▸ **RAW DATA**:
***

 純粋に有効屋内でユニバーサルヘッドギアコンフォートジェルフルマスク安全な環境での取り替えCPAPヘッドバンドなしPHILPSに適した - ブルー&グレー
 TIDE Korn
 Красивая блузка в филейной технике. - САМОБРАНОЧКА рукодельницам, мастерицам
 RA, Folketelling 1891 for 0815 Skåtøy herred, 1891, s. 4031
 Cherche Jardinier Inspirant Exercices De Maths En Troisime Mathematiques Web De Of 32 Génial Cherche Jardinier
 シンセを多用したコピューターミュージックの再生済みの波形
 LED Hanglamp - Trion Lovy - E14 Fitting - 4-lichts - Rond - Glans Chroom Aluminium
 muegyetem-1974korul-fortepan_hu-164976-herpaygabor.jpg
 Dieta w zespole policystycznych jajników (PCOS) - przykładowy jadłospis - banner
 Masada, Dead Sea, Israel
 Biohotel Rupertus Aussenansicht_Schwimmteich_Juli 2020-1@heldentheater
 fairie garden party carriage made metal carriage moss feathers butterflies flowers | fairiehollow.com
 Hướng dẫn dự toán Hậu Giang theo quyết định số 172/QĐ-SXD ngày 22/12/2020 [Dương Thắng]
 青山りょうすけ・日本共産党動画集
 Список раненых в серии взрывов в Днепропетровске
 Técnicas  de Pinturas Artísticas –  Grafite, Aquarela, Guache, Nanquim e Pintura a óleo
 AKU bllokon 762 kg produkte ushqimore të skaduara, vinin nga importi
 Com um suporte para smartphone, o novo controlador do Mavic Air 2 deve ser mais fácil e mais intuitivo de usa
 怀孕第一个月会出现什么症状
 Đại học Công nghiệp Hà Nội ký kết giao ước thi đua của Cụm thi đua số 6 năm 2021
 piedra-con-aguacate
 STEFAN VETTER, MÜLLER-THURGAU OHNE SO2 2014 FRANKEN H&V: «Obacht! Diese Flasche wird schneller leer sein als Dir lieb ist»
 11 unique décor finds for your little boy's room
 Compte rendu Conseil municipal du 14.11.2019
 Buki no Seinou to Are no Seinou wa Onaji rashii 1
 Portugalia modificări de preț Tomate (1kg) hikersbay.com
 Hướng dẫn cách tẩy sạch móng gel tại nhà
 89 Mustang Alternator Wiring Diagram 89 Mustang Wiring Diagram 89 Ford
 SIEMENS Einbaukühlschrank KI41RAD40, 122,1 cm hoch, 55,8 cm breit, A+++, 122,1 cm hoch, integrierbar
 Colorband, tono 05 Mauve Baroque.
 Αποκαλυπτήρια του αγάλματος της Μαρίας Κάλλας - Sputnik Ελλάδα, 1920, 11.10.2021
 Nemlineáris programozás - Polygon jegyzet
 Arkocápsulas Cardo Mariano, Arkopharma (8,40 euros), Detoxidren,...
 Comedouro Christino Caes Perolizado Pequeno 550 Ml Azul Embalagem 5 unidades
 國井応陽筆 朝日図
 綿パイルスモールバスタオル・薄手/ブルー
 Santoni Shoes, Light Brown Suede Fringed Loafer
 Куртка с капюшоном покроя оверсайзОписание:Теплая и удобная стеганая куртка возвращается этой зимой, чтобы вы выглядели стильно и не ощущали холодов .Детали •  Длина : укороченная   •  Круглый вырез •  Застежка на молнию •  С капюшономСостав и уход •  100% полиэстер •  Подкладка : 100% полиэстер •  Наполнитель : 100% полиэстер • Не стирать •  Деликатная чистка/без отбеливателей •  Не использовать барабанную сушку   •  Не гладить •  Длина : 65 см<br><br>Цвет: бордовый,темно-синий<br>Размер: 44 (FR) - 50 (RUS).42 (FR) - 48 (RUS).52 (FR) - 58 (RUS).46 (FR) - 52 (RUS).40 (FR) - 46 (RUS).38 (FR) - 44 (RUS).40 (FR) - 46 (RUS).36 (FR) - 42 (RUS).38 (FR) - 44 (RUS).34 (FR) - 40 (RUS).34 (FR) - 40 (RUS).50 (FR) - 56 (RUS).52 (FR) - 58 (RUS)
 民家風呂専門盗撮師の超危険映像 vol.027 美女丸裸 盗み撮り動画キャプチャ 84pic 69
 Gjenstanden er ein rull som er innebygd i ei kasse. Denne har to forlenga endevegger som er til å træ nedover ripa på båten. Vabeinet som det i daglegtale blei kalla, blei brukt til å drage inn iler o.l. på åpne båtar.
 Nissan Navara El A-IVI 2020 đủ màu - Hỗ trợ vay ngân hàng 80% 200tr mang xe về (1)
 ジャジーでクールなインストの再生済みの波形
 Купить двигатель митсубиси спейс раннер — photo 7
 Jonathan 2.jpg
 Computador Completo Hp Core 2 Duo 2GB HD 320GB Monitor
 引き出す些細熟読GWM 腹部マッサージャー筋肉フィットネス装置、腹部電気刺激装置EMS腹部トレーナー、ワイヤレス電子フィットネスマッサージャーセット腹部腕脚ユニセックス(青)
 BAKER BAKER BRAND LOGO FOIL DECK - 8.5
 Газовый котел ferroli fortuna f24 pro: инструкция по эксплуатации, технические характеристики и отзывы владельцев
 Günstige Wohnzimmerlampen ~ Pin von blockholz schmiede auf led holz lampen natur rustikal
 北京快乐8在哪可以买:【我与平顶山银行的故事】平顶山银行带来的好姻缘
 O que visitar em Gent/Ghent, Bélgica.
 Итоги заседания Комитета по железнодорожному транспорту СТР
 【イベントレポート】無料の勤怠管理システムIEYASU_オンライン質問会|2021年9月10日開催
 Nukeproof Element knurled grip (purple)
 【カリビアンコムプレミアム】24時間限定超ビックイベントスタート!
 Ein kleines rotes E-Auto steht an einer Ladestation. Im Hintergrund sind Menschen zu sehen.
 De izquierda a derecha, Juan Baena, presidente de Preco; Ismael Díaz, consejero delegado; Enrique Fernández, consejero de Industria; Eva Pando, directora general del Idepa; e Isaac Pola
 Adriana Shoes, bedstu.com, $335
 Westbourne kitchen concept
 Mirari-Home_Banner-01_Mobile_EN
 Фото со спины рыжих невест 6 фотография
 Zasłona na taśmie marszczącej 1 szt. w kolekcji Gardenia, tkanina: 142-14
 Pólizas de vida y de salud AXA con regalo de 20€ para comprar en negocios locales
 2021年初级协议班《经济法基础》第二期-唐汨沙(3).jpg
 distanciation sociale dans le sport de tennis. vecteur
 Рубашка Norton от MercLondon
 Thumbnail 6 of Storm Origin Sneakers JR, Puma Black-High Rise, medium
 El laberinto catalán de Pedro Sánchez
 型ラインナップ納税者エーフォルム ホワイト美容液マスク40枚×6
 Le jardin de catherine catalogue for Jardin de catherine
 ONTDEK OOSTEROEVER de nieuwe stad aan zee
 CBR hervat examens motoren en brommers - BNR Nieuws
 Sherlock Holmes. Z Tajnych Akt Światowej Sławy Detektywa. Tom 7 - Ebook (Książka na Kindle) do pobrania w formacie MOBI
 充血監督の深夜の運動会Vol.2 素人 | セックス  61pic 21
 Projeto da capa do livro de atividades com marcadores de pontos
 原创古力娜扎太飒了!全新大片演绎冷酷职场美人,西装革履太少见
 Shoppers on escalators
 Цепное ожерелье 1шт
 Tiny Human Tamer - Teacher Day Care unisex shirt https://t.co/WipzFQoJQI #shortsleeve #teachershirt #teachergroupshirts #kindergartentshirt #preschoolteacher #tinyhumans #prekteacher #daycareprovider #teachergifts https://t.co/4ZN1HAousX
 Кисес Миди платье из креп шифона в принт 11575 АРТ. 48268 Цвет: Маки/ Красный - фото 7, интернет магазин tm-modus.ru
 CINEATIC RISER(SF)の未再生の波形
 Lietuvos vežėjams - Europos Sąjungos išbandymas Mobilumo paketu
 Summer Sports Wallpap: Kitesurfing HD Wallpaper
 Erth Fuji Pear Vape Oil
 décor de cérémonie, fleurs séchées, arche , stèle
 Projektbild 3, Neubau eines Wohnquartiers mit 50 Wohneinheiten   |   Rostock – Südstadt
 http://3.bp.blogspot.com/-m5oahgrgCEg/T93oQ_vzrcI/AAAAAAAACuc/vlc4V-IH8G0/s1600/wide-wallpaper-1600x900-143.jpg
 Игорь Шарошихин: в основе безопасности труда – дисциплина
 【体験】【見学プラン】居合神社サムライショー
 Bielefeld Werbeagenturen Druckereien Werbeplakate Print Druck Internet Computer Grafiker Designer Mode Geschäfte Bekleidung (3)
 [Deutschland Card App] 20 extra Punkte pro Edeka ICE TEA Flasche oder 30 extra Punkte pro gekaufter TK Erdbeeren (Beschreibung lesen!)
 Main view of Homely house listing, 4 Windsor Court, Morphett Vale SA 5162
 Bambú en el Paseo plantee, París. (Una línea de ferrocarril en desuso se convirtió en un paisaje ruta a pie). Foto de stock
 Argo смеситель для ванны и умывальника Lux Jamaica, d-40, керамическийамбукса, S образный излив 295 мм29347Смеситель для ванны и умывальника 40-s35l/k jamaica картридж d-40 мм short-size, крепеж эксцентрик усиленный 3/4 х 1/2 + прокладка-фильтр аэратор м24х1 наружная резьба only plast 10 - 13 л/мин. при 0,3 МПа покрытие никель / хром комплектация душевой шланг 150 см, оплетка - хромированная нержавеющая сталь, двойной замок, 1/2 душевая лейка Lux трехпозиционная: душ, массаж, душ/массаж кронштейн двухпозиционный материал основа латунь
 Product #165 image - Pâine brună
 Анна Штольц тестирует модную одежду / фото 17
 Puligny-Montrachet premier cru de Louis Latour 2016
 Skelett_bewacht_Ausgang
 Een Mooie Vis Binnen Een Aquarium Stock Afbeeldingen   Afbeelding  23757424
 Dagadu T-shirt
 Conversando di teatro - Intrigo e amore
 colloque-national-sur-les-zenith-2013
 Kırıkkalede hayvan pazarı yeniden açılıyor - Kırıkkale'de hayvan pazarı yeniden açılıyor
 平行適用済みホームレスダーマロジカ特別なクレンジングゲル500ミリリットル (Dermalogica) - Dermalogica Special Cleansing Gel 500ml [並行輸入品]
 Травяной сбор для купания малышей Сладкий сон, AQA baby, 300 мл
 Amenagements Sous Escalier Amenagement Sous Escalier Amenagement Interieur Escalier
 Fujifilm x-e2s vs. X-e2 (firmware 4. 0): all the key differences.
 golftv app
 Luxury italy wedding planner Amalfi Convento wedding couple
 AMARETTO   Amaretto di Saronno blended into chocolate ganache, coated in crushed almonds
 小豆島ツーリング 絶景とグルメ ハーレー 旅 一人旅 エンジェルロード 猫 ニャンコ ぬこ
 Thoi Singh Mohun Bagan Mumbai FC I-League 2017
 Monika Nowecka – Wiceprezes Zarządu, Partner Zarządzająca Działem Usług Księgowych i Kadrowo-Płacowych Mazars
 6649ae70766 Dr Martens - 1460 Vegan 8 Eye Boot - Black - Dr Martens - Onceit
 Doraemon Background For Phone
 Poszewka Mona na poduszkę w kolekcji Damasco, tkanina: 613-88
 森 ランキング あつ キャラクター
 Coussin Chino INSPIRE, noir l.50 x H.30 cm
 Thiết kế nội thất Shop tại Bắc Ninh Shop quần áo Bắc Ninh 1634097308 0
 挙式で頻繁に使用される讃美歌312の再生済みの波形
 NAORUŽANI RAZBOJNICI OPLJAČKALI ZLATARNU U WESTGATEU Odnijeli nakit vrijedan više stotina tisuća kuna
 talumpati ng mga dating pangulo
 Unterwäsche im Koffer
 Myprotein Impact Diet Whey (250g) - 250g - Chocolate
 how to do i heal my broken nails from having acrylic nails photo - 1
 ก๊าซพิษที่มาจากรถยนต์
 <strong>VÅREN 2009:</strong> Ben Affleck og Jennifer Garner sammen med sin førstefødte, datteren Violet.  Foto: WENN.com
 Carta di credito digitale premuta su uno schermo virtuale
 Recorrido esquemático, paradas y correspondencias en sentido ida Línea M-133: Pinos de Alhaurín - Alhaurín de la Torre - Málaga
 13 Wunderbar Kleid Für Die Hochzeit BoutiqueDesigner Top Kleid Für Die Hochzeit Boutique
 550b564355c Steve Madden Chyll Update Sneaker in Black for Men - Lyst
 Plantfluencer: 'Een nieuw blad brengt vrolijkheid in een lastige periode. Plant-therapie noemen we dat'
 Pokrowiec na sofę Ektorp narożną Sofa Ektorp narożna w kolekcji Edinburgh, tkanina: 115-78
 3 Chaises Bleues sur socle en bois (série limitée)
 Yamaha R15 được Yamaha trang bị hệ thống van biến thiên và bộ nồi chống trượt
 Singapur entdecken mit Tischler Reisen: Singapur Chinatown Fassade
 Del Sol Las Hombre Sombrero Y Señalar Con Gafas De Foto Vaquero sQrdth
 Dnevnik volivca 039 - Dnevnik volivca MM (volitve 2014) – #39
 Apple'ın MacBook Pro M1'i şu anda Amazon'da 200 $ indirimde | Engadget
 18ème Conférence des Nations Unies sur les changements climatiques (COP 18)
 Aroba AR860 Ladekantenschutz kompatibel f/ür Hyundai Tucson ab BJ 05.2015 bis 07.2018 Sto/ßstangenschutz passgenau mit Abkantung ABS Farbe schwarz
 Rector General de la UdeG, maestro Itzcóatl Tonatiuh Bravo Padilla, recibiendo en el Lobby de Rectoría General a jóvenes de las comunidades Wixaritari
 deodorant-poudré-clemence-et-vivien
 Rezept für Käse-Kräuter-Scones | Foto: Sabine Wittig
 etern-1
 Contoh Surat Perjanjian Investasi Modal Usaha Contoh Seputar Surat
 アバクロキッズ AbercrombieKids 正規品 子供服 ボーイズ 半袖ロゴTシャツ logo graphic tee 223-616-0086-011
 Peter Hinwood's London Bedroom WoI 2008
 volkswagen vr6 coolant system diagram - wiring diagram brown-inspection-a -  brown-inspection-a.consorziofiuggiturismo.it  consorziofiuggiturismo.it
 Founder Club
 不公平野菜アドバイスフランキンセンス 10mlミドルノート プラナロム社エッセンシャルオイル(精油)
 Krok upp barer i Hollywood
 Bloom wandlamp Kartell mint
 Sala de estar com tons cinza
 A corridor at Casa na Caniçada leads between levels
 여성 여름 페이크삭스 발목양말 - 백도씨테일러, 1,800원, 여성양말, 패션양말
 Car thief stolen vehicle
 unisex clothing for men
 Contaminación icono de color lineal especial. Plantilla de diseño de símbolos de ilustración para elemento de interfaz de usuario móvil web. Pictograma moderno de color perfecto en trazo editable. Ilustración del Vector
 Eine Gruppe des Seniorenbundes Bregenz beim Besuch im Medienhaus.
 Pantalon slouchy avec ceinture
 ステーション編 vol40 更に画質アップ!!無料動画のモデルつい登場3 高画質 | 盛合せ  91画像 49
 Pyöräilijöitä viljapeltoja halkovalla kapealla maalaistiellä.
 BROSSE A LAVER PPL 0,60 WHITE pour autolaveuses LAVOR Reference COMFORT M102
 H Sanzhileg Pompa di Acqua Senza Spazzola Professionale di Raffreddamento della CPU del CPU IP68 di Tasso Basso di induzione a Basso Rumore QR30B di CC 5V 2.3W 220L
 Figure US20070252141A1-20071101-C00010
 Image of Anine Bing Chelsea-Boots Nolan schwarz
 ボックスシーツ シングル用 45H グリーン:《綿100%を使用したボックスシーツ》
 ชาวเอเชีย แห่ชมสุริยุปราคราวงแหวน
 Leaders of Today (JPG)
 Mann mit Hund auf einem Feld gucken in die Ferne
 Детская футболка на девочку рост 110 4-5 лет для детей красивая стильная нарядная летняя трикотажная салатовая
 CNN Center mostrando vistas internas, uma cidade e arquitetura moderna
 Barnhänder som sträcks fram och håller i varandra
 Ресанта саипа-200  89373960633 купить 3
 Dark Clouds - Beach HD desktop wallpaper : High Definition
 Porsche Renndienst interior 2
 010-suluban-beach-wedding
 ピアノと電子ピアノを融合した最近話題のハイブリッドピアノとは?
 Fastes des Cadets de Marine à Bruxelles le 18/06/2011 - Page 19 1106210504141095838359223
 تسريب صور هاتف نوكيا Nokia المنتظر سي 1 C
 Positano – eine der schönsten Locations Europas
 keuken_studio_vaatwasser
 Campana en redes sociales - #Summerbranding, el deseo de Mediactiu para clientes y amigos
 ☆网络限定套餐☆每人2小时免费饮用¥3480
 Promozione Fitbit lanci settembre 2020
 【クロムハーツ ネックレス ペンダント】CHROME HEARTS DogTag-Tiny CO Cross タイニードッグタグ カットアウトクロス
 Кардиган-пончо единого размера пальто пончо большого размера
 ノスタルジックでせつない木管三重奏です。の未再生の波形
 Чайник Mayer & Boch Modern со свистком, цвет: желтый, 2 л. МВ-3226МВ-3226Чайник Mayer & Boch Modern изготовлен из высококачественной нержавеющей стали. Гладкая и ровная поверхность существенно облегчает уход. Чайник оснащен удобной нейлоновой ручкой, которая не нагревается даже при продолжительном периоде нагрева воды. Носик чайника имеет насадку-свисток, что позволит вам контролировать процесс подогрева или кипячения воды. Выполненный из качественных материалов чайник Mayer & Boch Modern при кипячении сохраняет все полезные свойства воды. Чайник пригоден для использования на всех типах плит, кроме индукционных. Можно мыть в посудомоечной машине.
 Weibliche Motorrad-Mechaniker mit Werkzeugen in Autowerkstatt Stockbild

***

▸ **DESCRIPTION OF THE TASK**: In the material above, transcribe exactly the lines beginning at the one with "挙式で頻繁に使用される讃美歌312の再生済みの波形" and ending at the one with "Myprotein Impact Diet", both included.

▸ **EXERCISE ANSWER**:
 挙式で頻繁に使用される讃美歌312の再生済みの波形
 NAORUŽANI RAZBOJNICI OPLJAČKALI ZLATARNU U WESTGATEU Odnijeli nakit vrijedan više stotina tisuća kuna
 talumpati ng mga dating pangulo
 Unterwäsche im Koffer
 Myprotein Impact Diet Whey (250g) - 250g - Chocolate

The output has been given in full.